Affluenza: we now have a terminal case
There is always a risk, as a writer, that when you write about a topic someone out there is going to say “How can YOU say such a thing…look at your own life!” This is one of those topics. We’ve all heard preachers say, “Now I’m preaching to myself here, too.” So at the outset, let me put up that disclaimer. I am preaching to myself.
I can’t watch the news anymore. Can you? Even my favorite newscasters have started issuing appologies with their broadcasts. After reading a string of companies reporting record-breaking losses, one woman looked at the camera and said, “I’m so sorry to have to read this. But you need to know what’s happening out here.” There is no longer any doubt that the financial landscape of America — the world? — has changed for the foreseeable future.
Recently I picked up the book “Affluenza” by John De Graaf, David Wann and Thomas H. Naylor. It is the kind of book that I would normally avoid like the plauge. But it was the end of a long day, and the comfy chair at Barnes and Noble was right next to a display featuring this book. To my surprise, inside the book I found a very acccurate diagnosis of our current situation (written in 2001 and updated in 2005), as well as many ways to combat the problem.
Affluenza, according to the authors, is “a painful, contagious, socially trnasmitted condition of overload, debt, anxiety and waste resulting rom the dogged pursuit of more.” Definitely the disease that got us here. As America lurches along its path, affluenza is going to sideline us for awhile as surely as a flu will land you in bed fora few days: it is the inevitable result. And there — right there in the middle of our bed-ridden downfall — is the seed of our hope. Because everything that is “normal” is about to change, leaving behind a gaping sense of need
“Normal is getting dressed in clothes that you buy for work, driving through traffic in a car that you are still paying for, in order to get to the job that you need so you can pay for the clothes, car and the house that you leave empty all day in order to afford to live in it.”

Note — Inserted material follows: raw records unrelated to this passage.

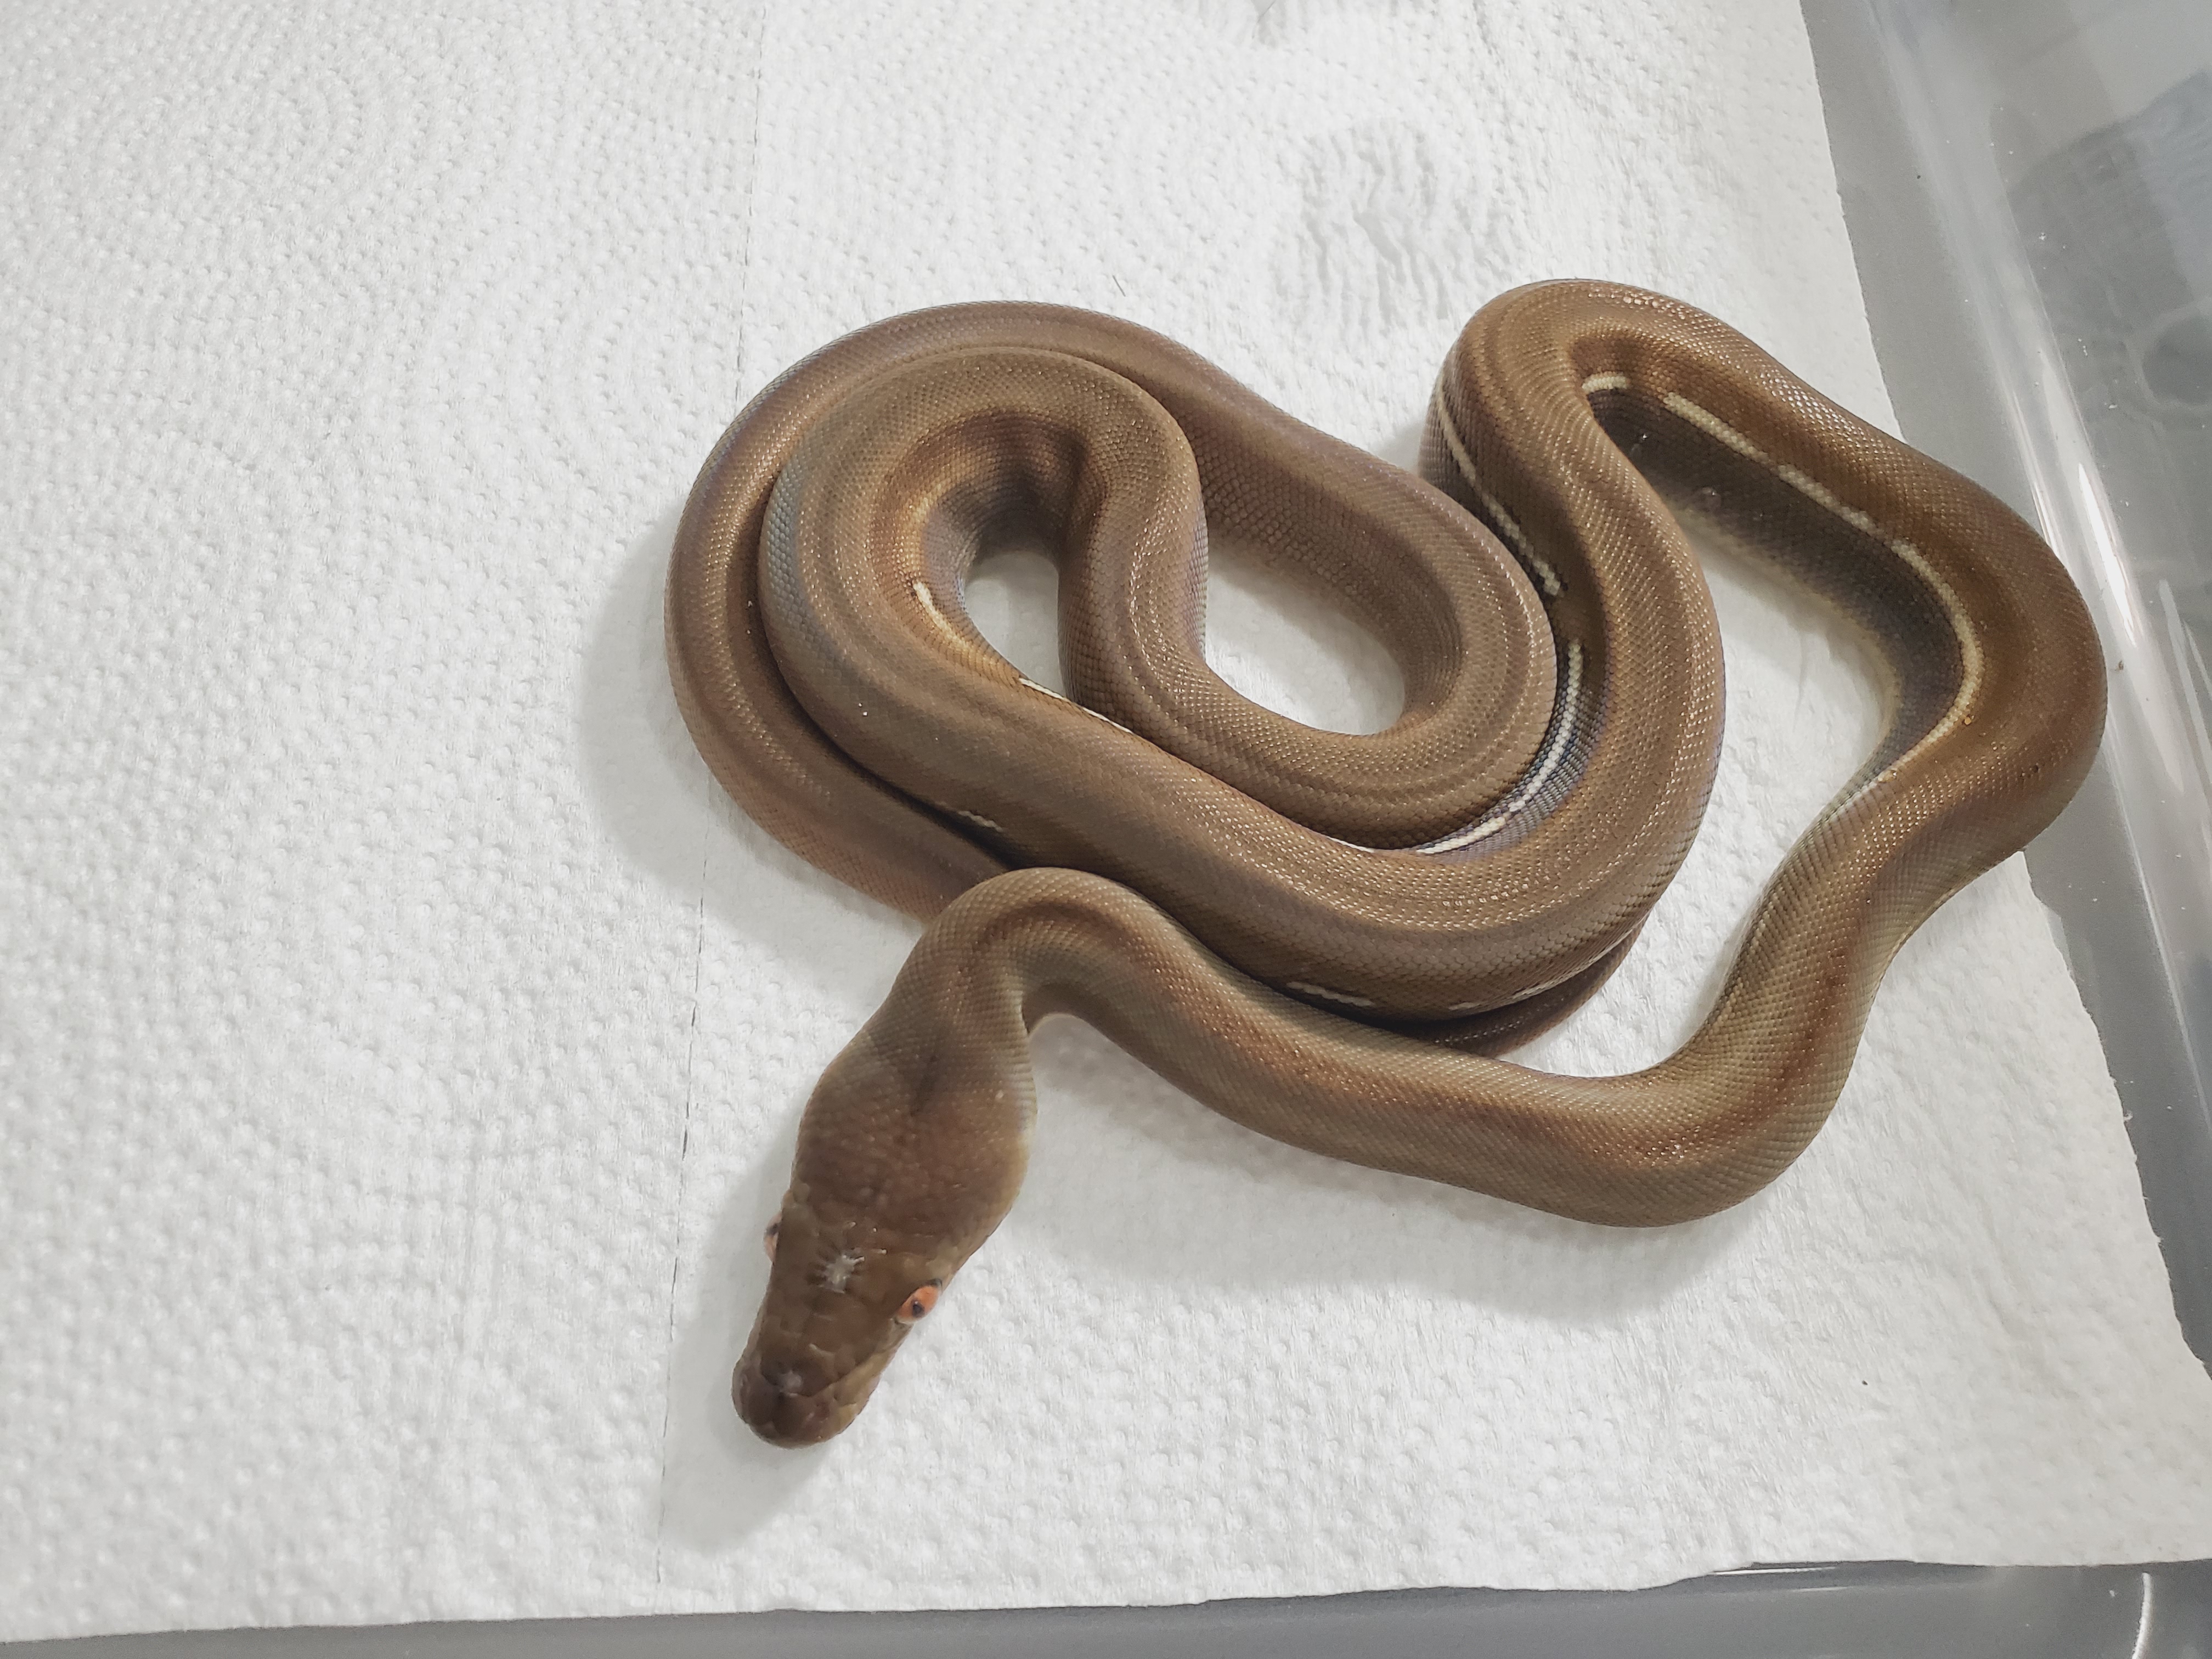 Titanium Reticulated Python by LowCountry Retic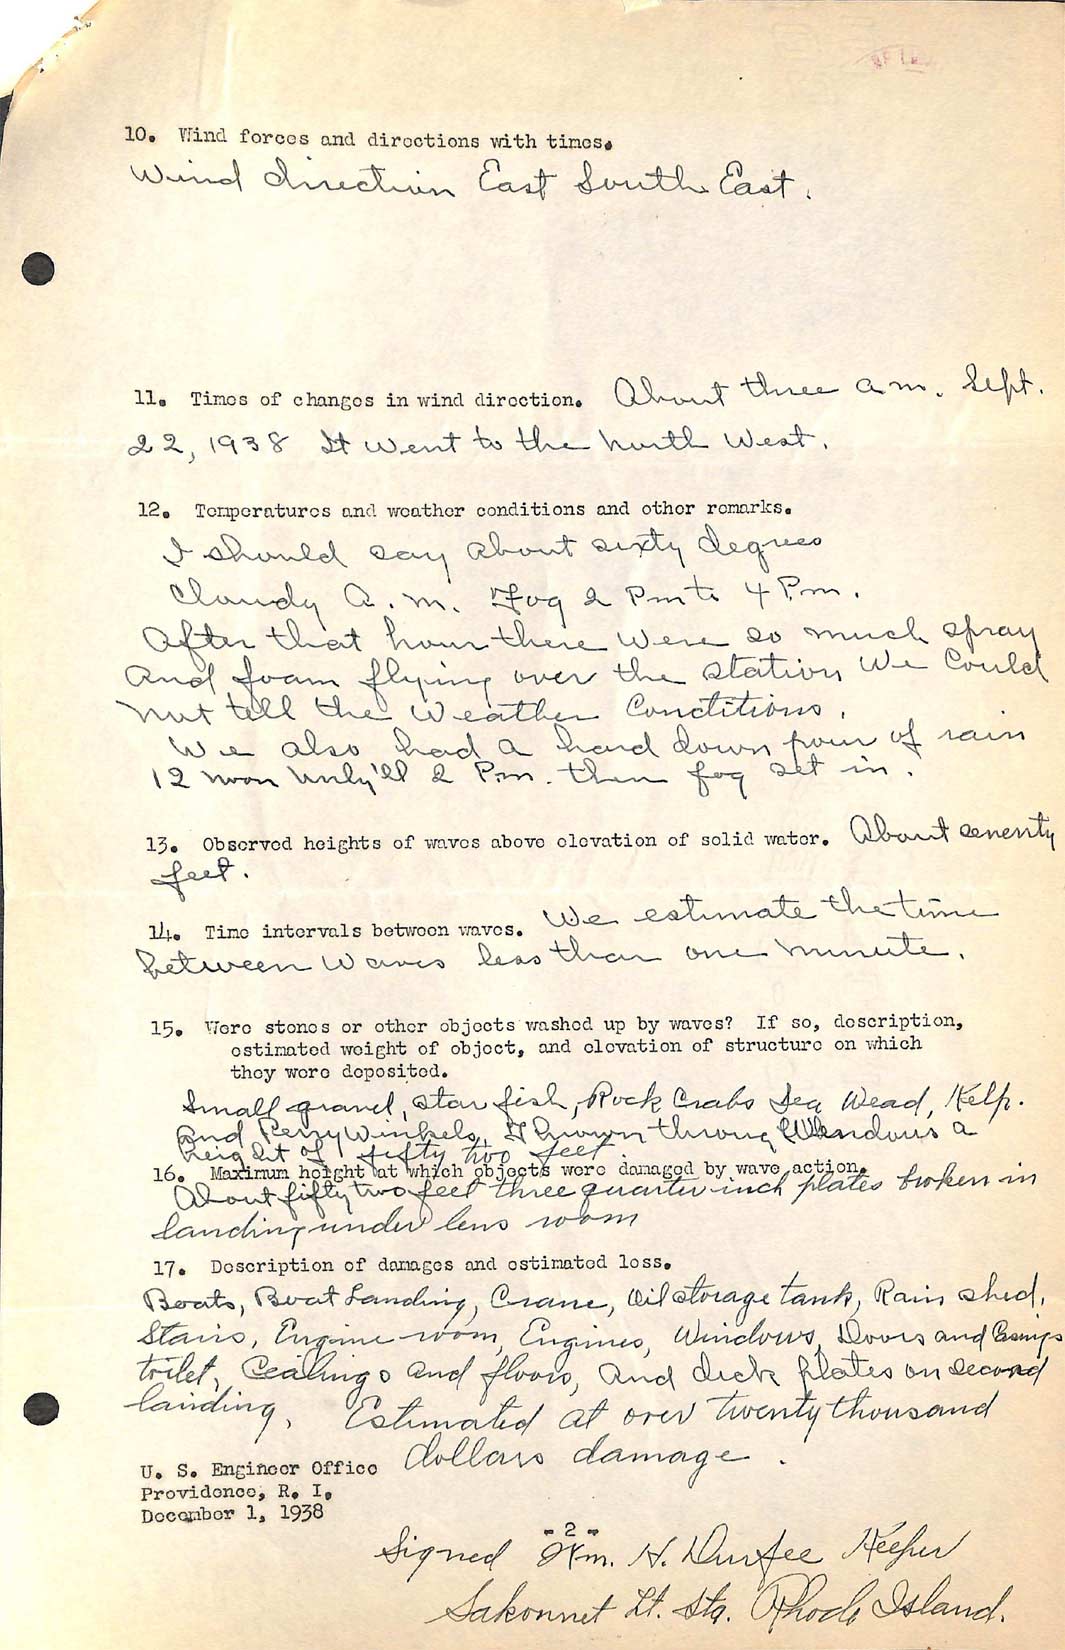 A questionnaire regarding the Effects of hurricane of September 21, 1938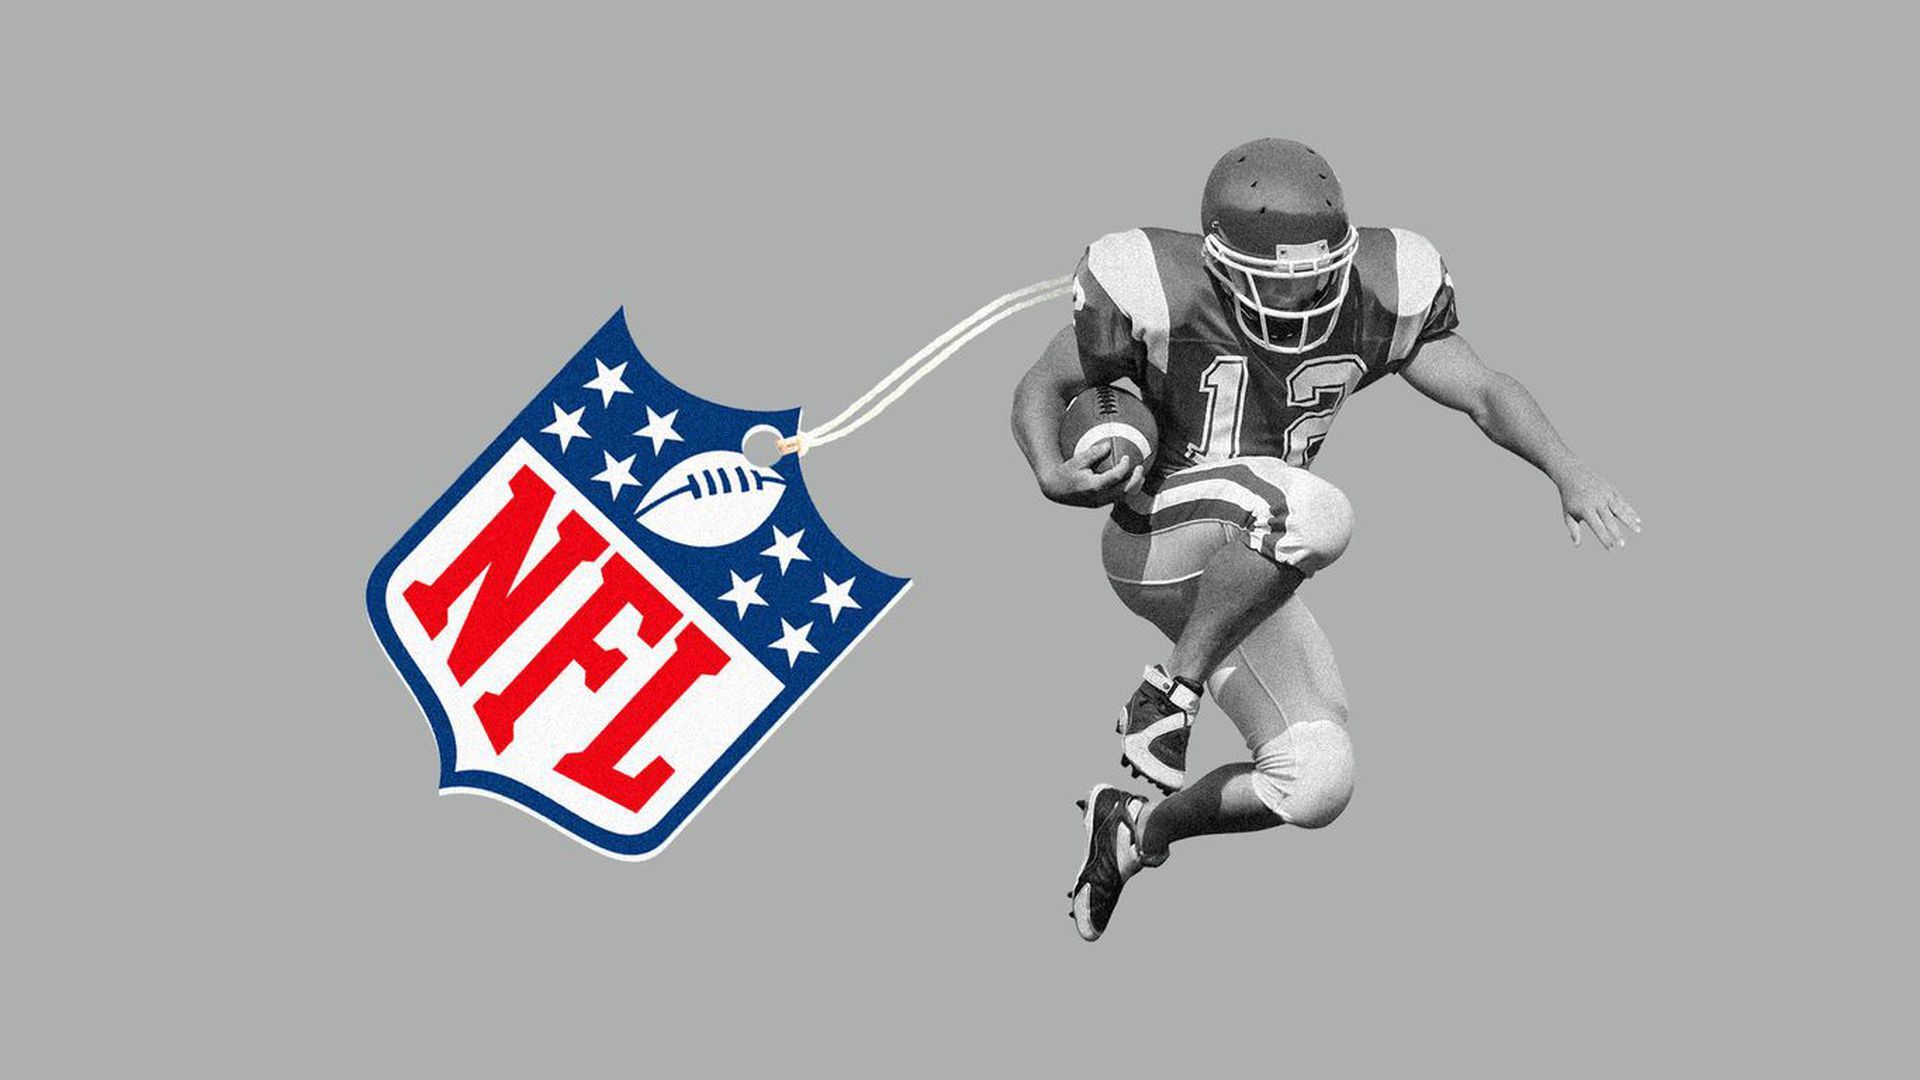 what channel are the nfl games on today on directv

Ellen Goodman, quoted in Affluenza
The second half of Affluenza begins to discuss ways to enrich our lives, healthy choices that build emotional, spiritual and physical health into our lives. What an opportunity we have! I am more excited by the opportunities for living an incarnational kingdom life now than I was a year ago, because NOW we have neighbors who are ready to listen. Normal is gone.
The trappings of people’s status — cars, activities, clothing, — often insulate us from each other. But in the days to come we are going to see people become hungry for real connection with each other. We’ve all seen it in the aftermath of a serious illness or a death: when life comes crashing down, it’s only the people around you who matter. So get ready! Life is crashing down, and relational capital is going to be in demand. People will need each other once their bubble of self-sufficiency is burst. You can already hear it in the coffee shops, as people lament over the newspaper and the latest reports. You can see it reflected in television commercials like Target, which show the new normal as staying home and connecting. We really have turned a corner in this world of ours. I’m going to be ready to step into the gap for the kingdom.